In one of McMonagle’s ah-ha moments, he pointed out Constand’s statement about when she arrived the night of the alleged assault.
“The silver bullet — hold on for this — is on Jan. 22, 2005,” he said. “I thought about this and thought this is why [she changed her story, changed dates]. It hit me. The question [posed to Constand by investigators] was what did you do when you reached the entrance of Cosby’s house. She said, ‘I called him from the street and told him I was here and could I pull into the driveway. I was on my Nextel phone owned by Temple.’”
The attorney said, with all of the cellphone records in the case, he hadn’t until a week ago looked up that particular call, which, after checking, never happened.

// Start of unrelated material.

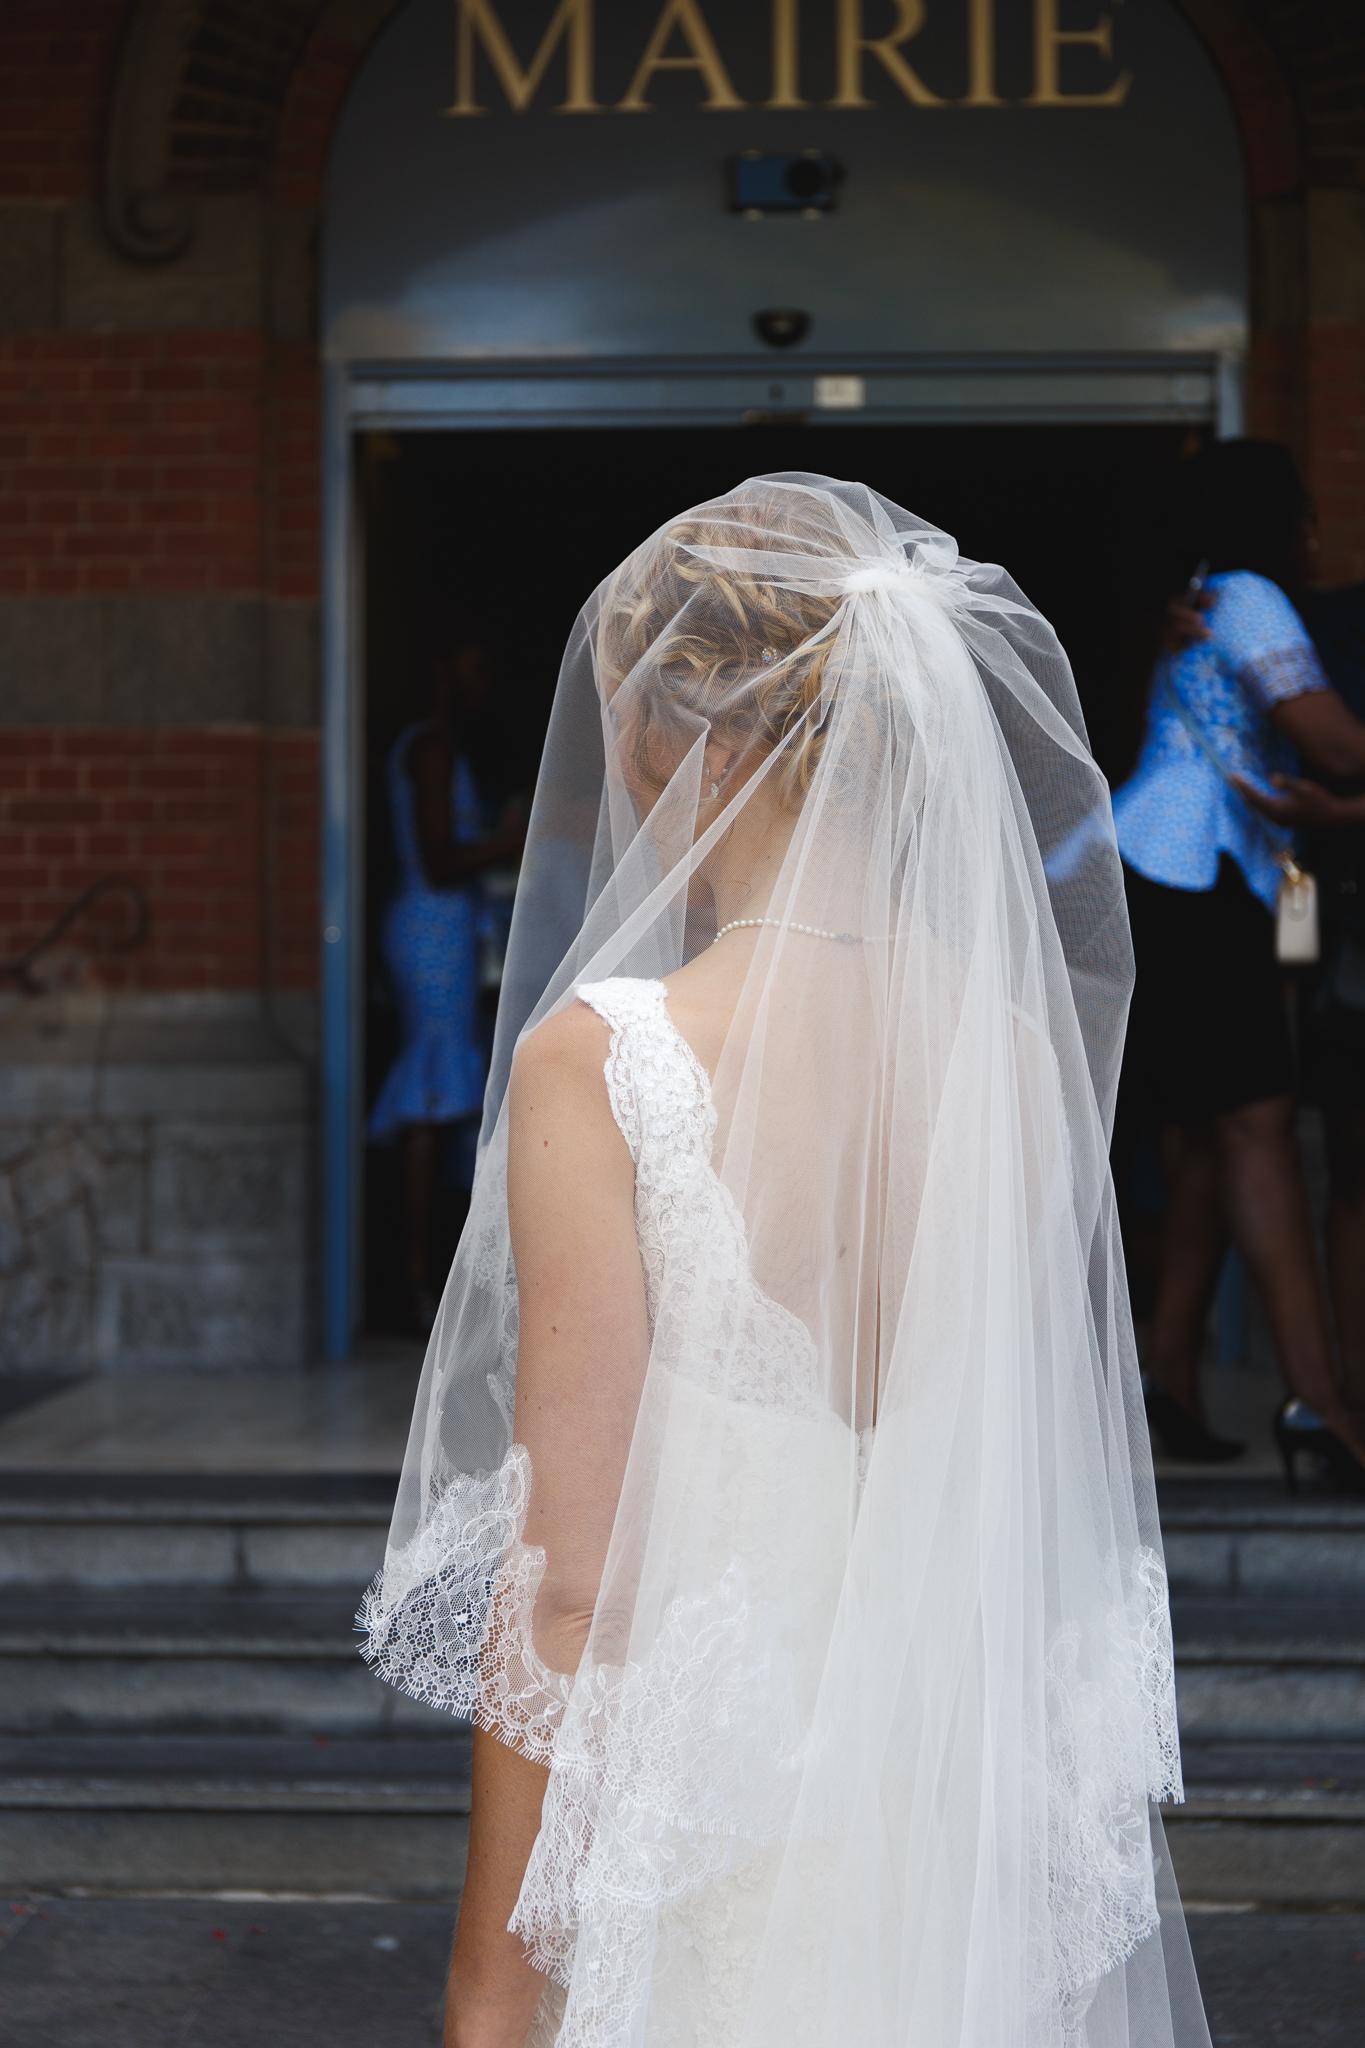 mariée avec voile de dos devant mairie La Madeleine photographe mariage Lille Nord Hauts de France

“I went day by day to see if her Nextel call happened,” McMonagle said. “But, no, she’s calling New York. I keep going, I gave her February, no, no, no. Why’d she move the date?”
McMonagle also told jurors that, after an exhaustive investigation in which Constand had changed her story several times while Cosby’s statements remained consistent, former Montgomery County District Attorney Bruce Castor determined that there was no evidence to support a prosecution and closed the case.
The high-powered attorney also pleaded with jurors to not make Cosby pay for his infidelities. Pointing to Cosby’s wife, Camille, who sat in the first row Monday, McMonagle said, “When you dance outside of your marriage, you pay. … She deserved better.”
Still, he said, “hopefully, you will have the last two words in this case, and I pray those words are not guilty.”
District Attorney Kevin Steele countered in the state’s closing arguments that Cosby had ingratiated himself into Constand’s family and took advantage of his role as her mentor.
“Three friends, I have three friends to make you relax,” Steele said Cosby told Constand of the Benadryl that he gave her. “She’s asking for career advice. When you look at his own words, he’s guilty. He gives her drugs, he puts his fingers in her, he knows what effects the drugs have so there’s but one conclusion in this case and that’s out of his own mouth, that’s the case you have to decide.”
Cosby declined to testify in his own defense. After the judge’s final instructions, the jury began its deliberation.